Nigeria’s experience suggests that financial inclusion is not solved by the mere existence of a CBDC. The architecture must be designed from the outset for the specific barriers that exclude target populations, and the macroeconomic conditions must make the CBDC attractive relative to alternatives.
The EU Digital Euro: Privacy as the Political Problem
The European Central Bank’s digital euro project has moved into the preparation phase following the Governing Council’s decision in October 2023. The ECB has been explicit that the digital euro will include privacy protections — offline payments will be anonymous like cash, and online payments will be pseudonymous rather than fully transparent.
But the political debate in the European Parliament has been fierce. Concerns have centered on whether the ECB’s privacy commitments are legally binding and whether they could be overridden by law enforcement or intelligence requirements. The digital euro legislation must navigate the tension between the ECB’s preference for a payment instrument that Europeans will actually use (which requires credible privacy) and member states’ law enforcement interests (which favor transaction visibility).
The EU debate illustrates that even in jurisdictions with strong privacy cultures and legal traditions — GDPR is the global standard-setter for data protection — the surveillance capabilities of CBDCs create genuine political conflict.
The Fundamental Tension
The financial inclusion argument for CBDCs is most compelling in contexts where the barriers to banking are infrastructure-related rather than preference-related. Where commercial banks simply do not serve certain populations because it is not profitable to do so, a central bank with a different mandate can provide services the private market will not.

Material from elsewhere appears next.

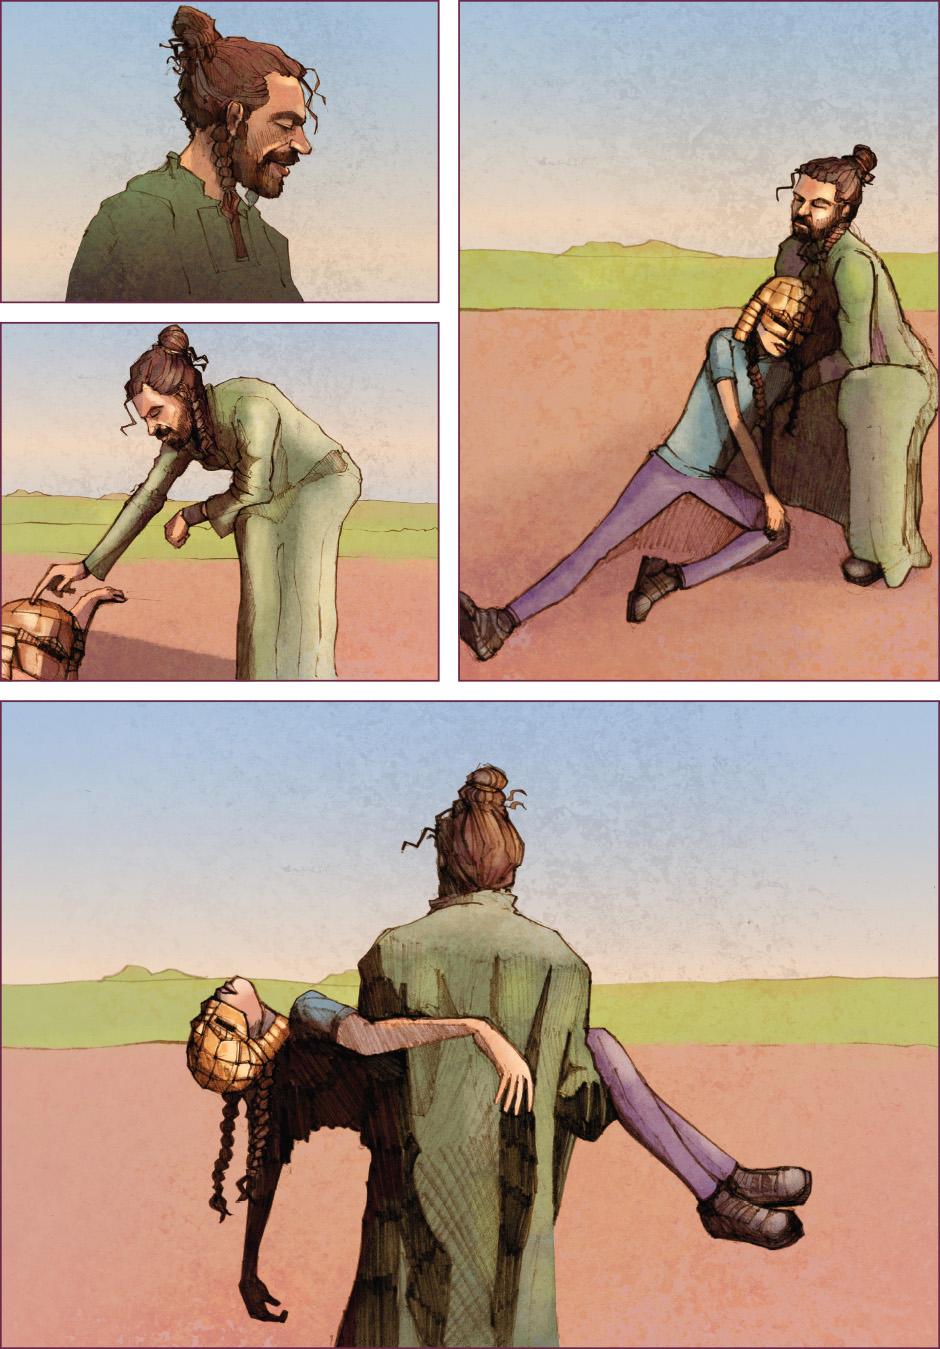 Lian Webcomic, The Tree of Life, chapter 2. Wilbur taking Lian away

But financial inclusion and surveillance are not fully separable in the CBDC architecture. A system that reaches the unbanked is a system that records the transactions of the unbanked. The question is not whether to accept some tradeoff between inclusion and privacy — that tradeoff is inherent — but rather what legal and technical safeguards can bound the surveillance capability that inclusion necessarily creates.
The answers to that question will differ by jurisdiction, by political culture, and by the trustworthiness of the governments involved. A digital euro backed by GDPR and ECB independence is a different proposition from a digital yuan backed by the Chinese Communist Party’s Social Credit System.
For policymakers, the CBDC dilemma ultimately comes down to a question about institutional trust: do the populations that need financial inclusion most have governments they trust enough to accept programmable central bank money? In many of the countries where the inclusion need is greatest, the answer to that question is complicated.